Abstract
The definition of hyperfibrinolysis based on thrombelastogram LY30 measurements should vary with trauma patient characteristics, i.e., as anatomic injury or shock severity increase, the ability to tolerate even mild degrees of fibrinolysis is markedly reduced. This trend is independent of institutional practice patterns. The management of hyperfibrinolysis, particularly with anti-fibrinolytics administration, should be interpreted in the context of injury severity/shock and managed on an individual patient basis.
Introduction:
Hyperfibrinolysis (HF) is a highly lethal phenotype of trauma-induced coagulopathy (TIC) characterized by accelerated fibrin breakdown causing increased clot dissolution and reduced hemostasis.1 It is postulated to be due to a pathological upregulation of the normal fibrinolysis system responsible for maintaining vascular patency, driven by overwhelming endothelial tissue plasminogen activator (tPA) release, and a reduction in circulating plasminogen activator inhibitor-1 (PAI-1) during shock.2 Clinically, HF manifests as diffuse bleeding, often from uninvolved sites, and is an independent predictor for massive transfusion3 and early death from exsanguination, with a mortality greater than 40%.3,4 Using viscoelastic assays (VCA) such as thrombelastography (TEG), HF can be measured by an elevated clot lysis 30 minutes after maximum clot strength (LY30).
While TEG has the ability to quantify the level of fibrinolysis occurring in a trauma patient, the pathologic LY30 threshold remains a source of debate.

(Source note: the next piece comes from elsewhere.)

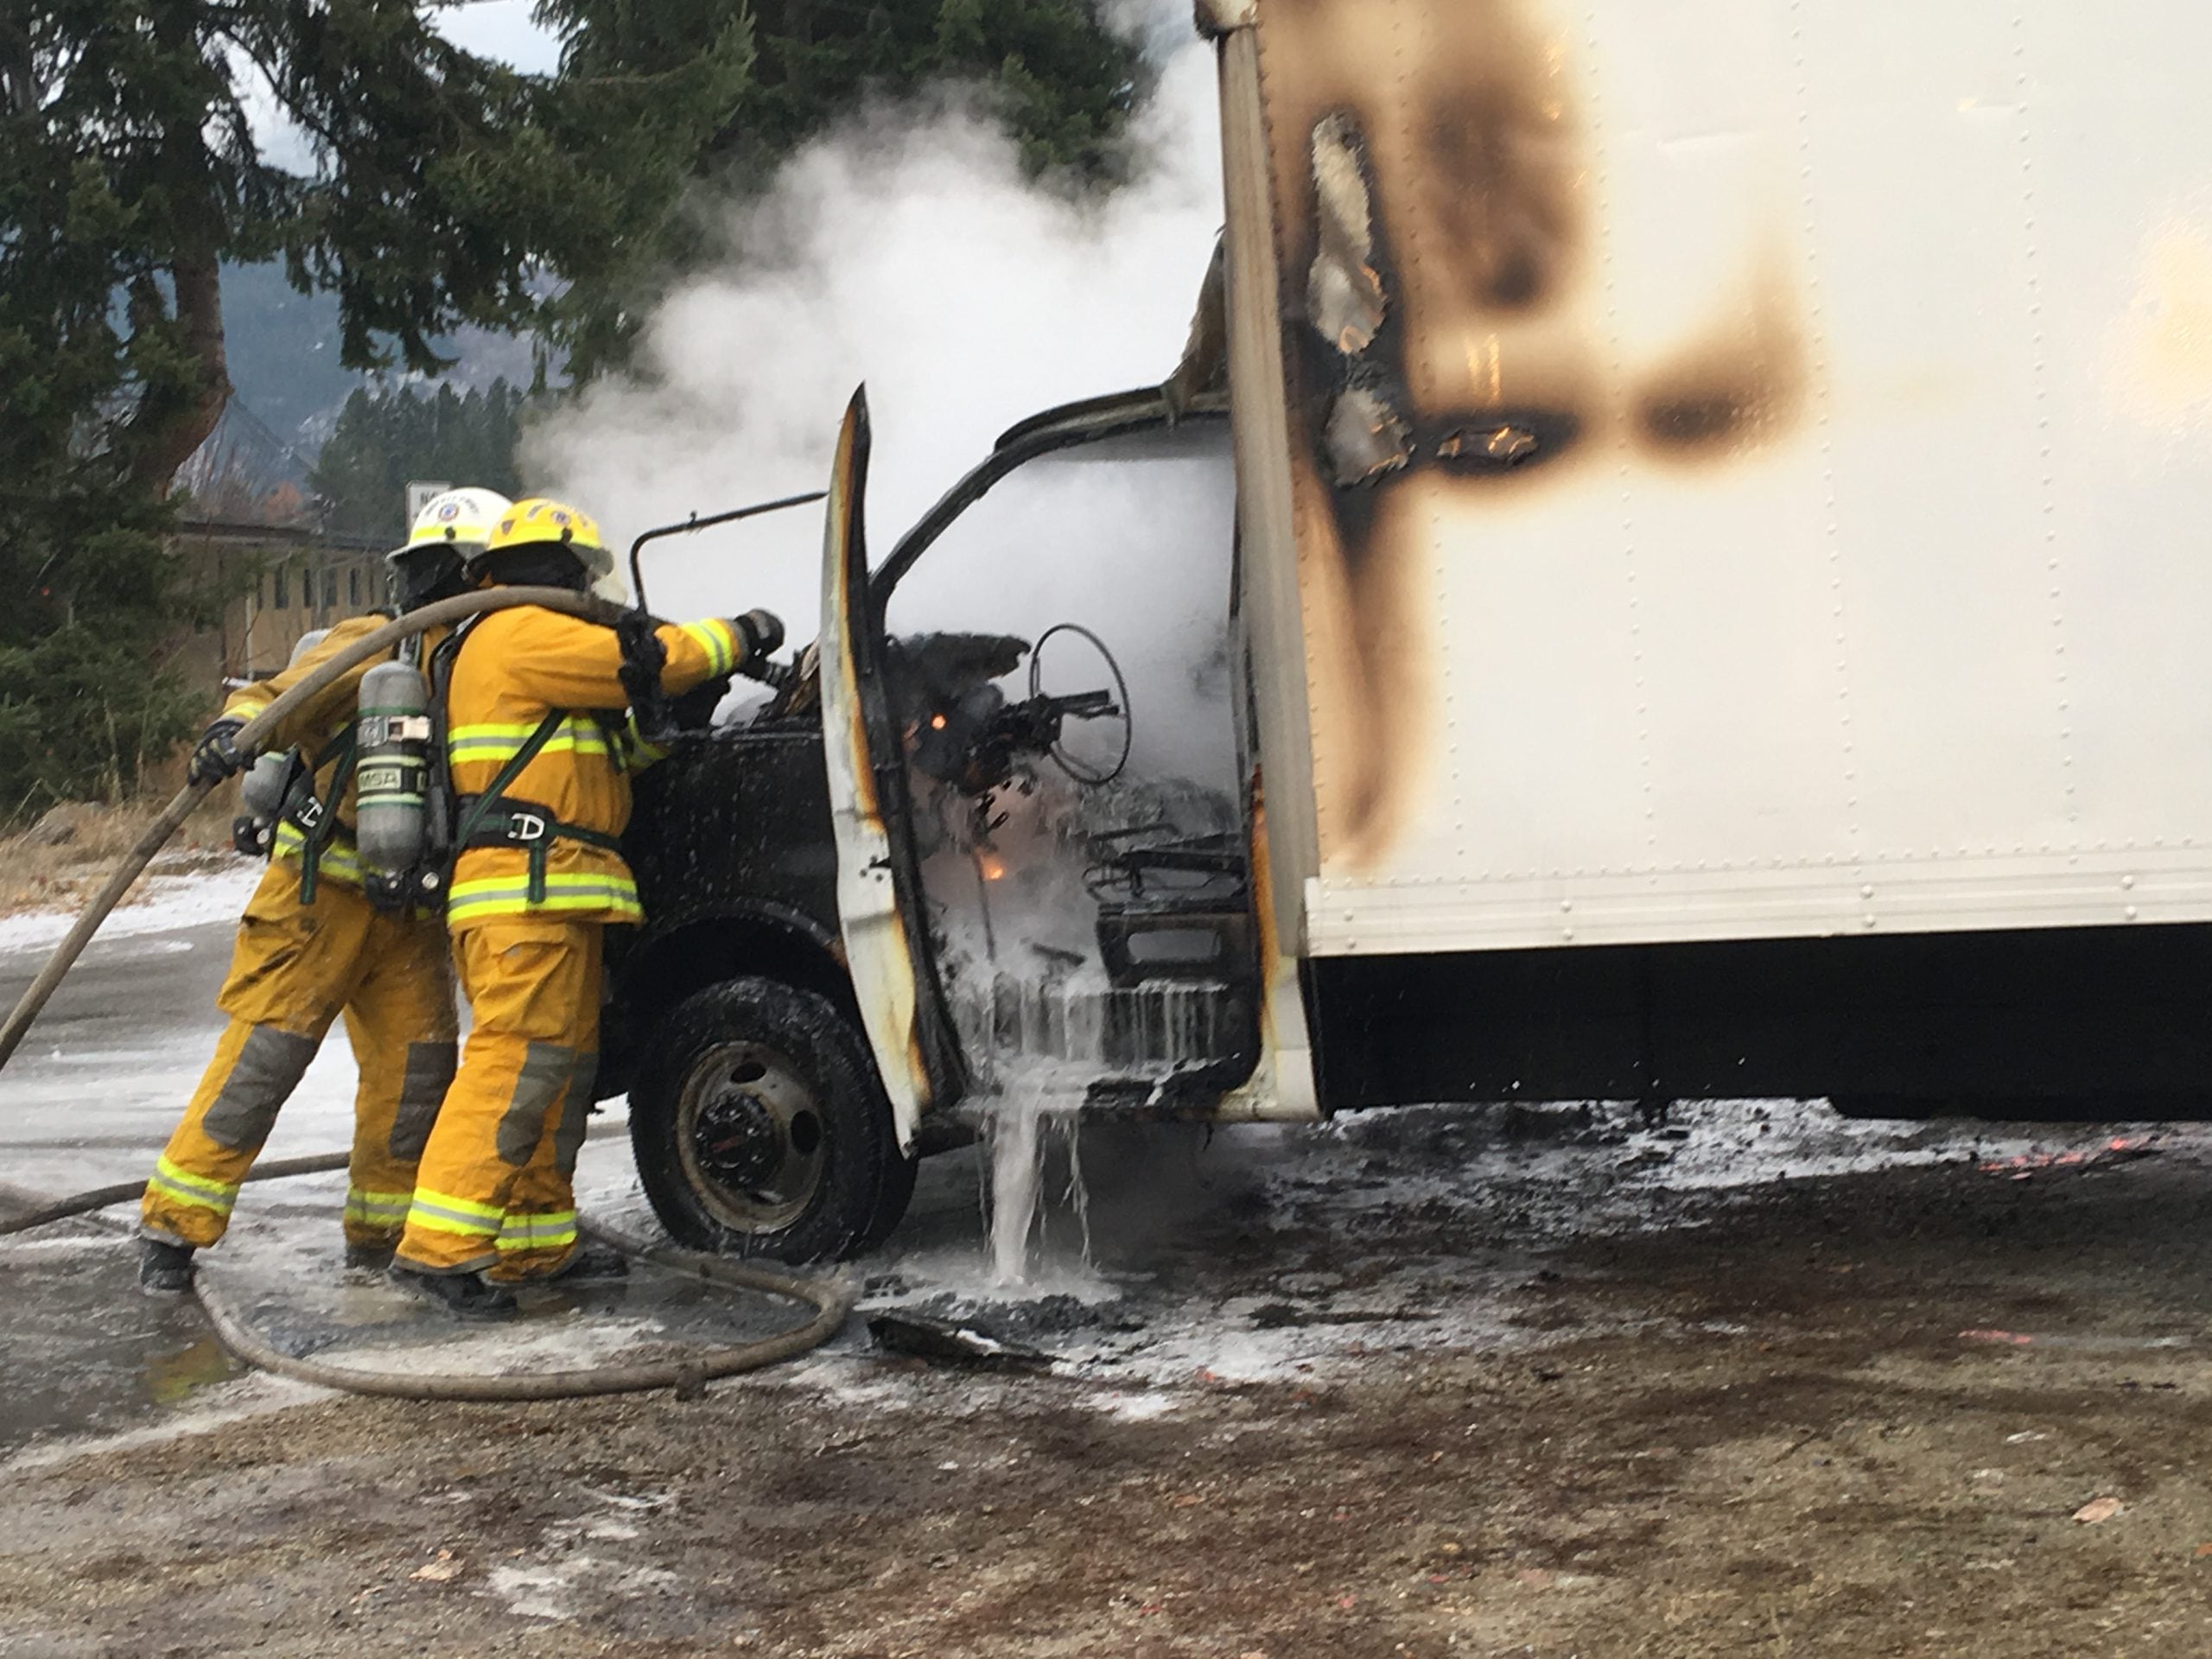 No one injured in truck fire Wednesday morning
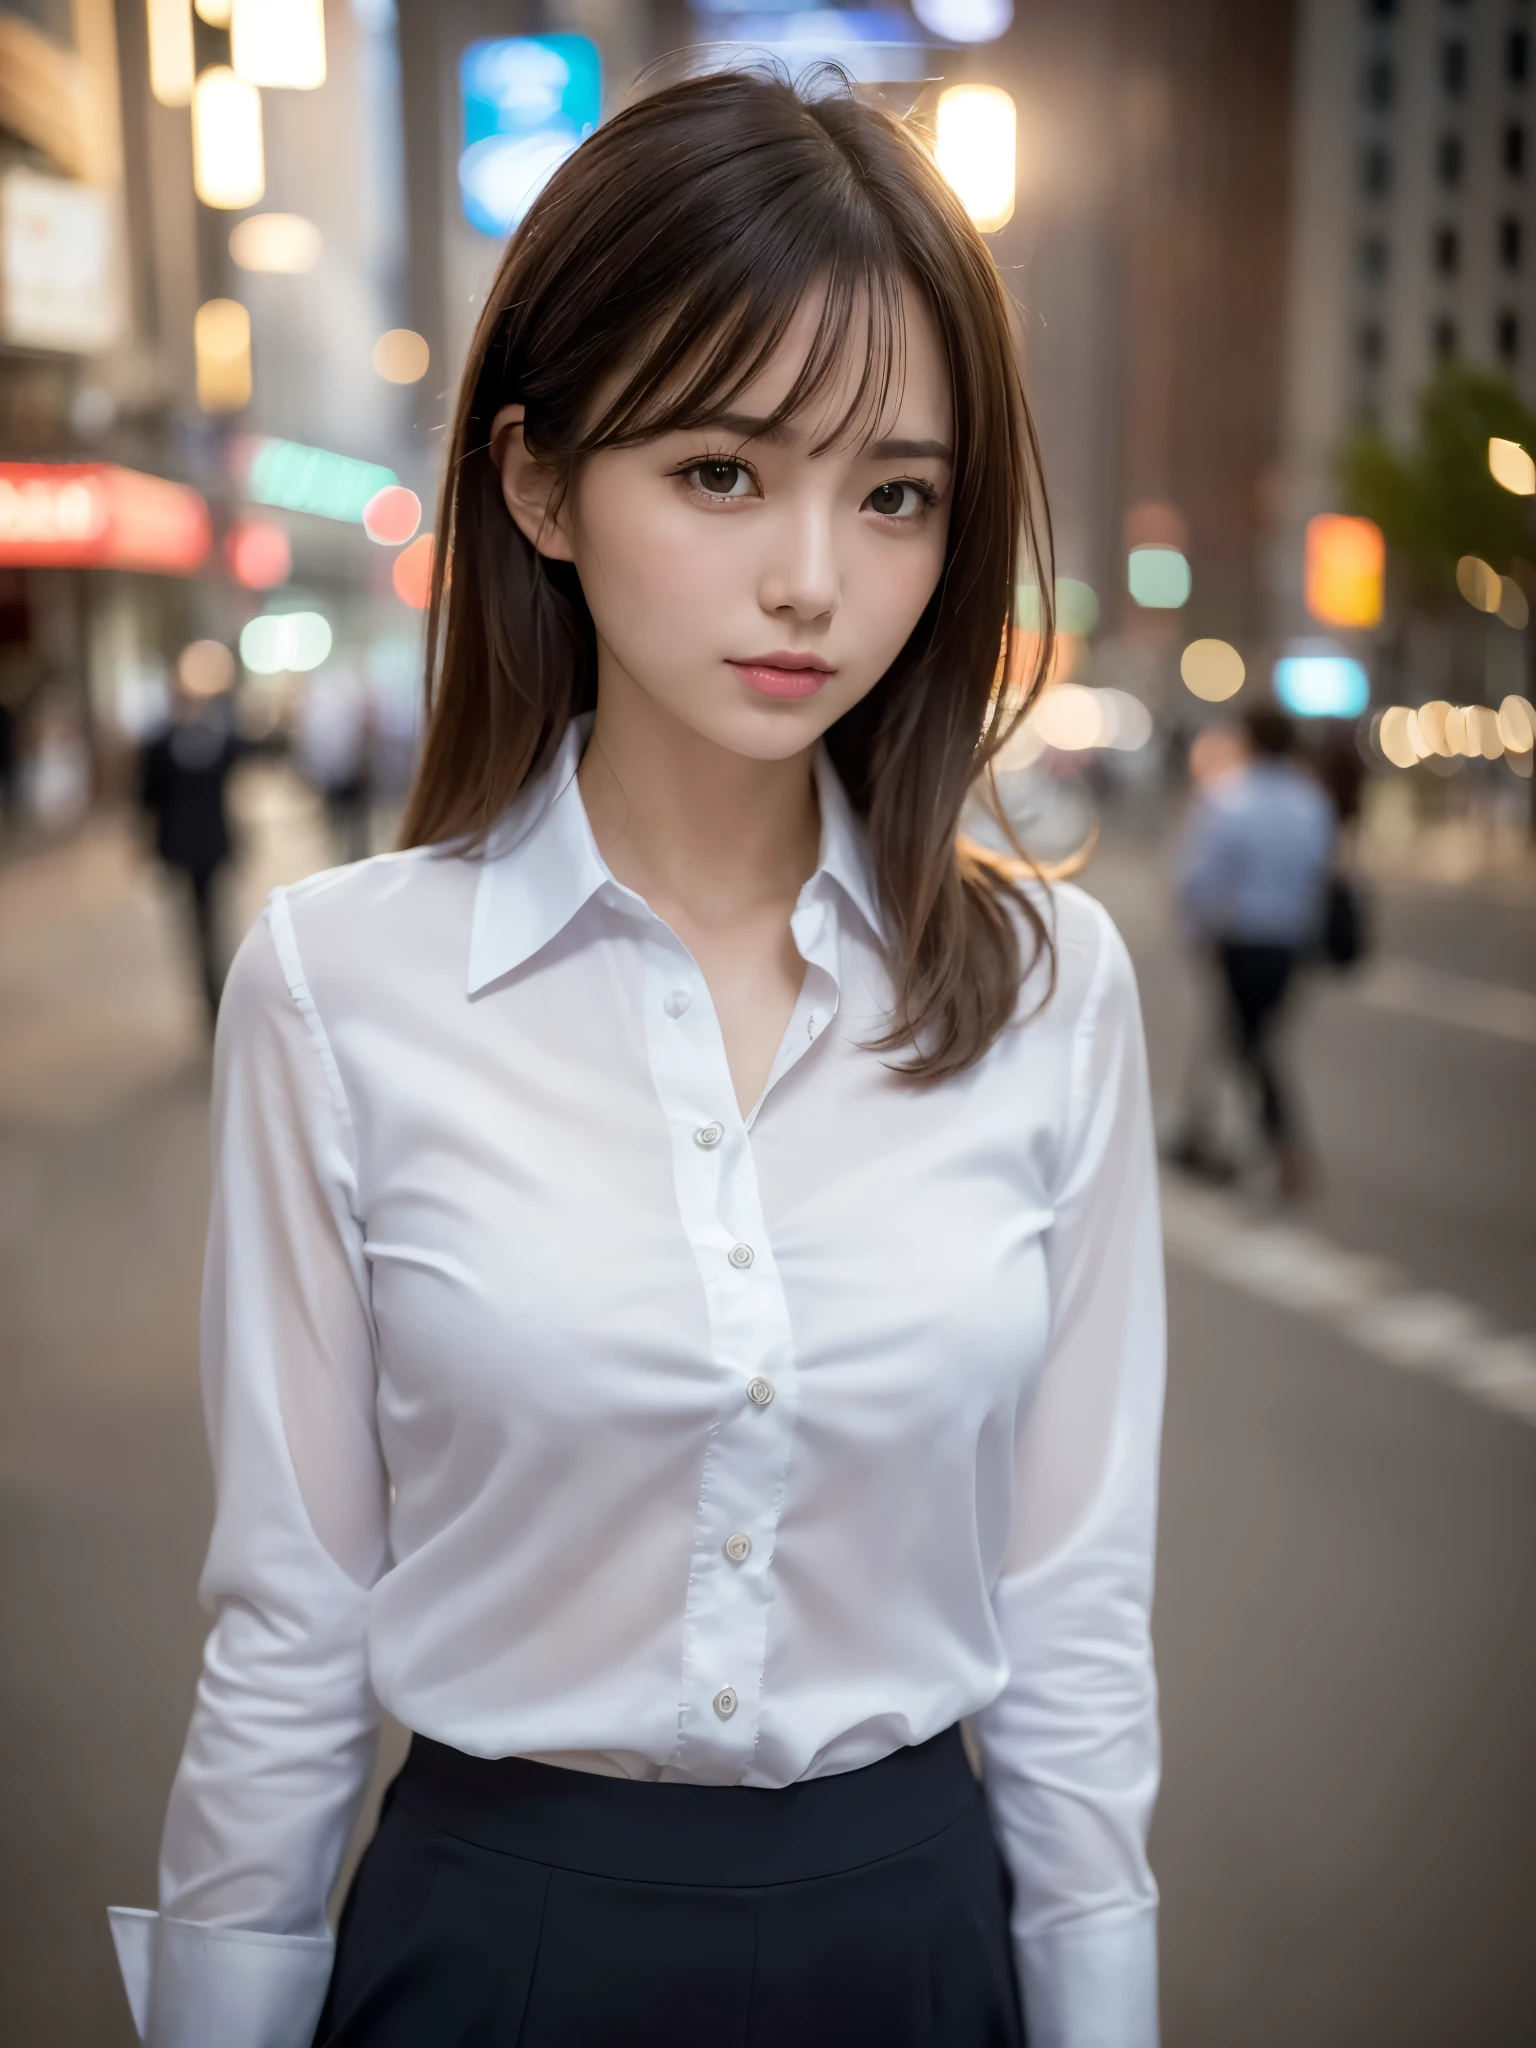 ((top quality, 8k, masterpiece: 1.3, raw photo)), Sharp Focus: 1.2, (SOLO), (1 aespa girl: 1.2), (Realistic, Photorealistic: 1.37), (face focus: 1.1), cute face, small breasts, flat chest, short messy hair, (business shirt: 1.1), Beautiful Woman standing the city Under Lamp Light, cinematic lighting, thigh, chiffon panties,

Various studies in healthy volunteers and trauma patients3,5 have set a wide range of LY30 thresholds. Indeed, our group was, to our knowledge, the first to publish that an LY30 threshold of 3% was the critical value for initiation of antifibrinolytics in severely injured patients.6 On a subsequent study, we observed that a higher LY30 level of 7.6% was associated with adverse outcomes.7 Recently, a European study of TIC noted that for rapid TEG detection of HF, there was an increase in mortality and in red blood cell (RBC) transfusions at LY30 values greater than 10%.5 We also noted that these studies had substantial differences in median injury severity scores (ISS) (30 vs 16 vs 13) and degrees of shock. Thus, we conducted a multicenter study to determine whether hyperfibrinolysis LY30 thresholds were dependent on levels of injury severity and shock, and whether these thresholds were independent of institutional practice patterns. We hypothesized that the variability seen in LY30 thresholds was due to differences in injury severity and shock. Specifically, there would be an increase in clinically tolerable levels of hyperfibrinolysis with lower injury severity and magnitude of shock.
Methods:
Patient Population:
We analyzed prospectively collected data of patients at risk for trauma-induced coagulation admitted between 2010 and 2017 to three urban, level 1 trauma centers in three different states, under individually approved IRB approved protocols.8,9 Trauma patients (age≥18 years) meeting criteria for the highest level of trauma team activation at each institution, who received at least 1 unit of red blood cells (RBC) within 10 hours of admission were included. Patients taking anticoagulant medication including warfarin or direct factor inhibitors were excluded.
Outcome:
The study’s outcome was massive transfusion (MT), defined as >10 RBC units or death (to minimize survivor bias, i.e., patients who died before having the “opportunity” to receive 10 RBC units) within 6 hours postinjury.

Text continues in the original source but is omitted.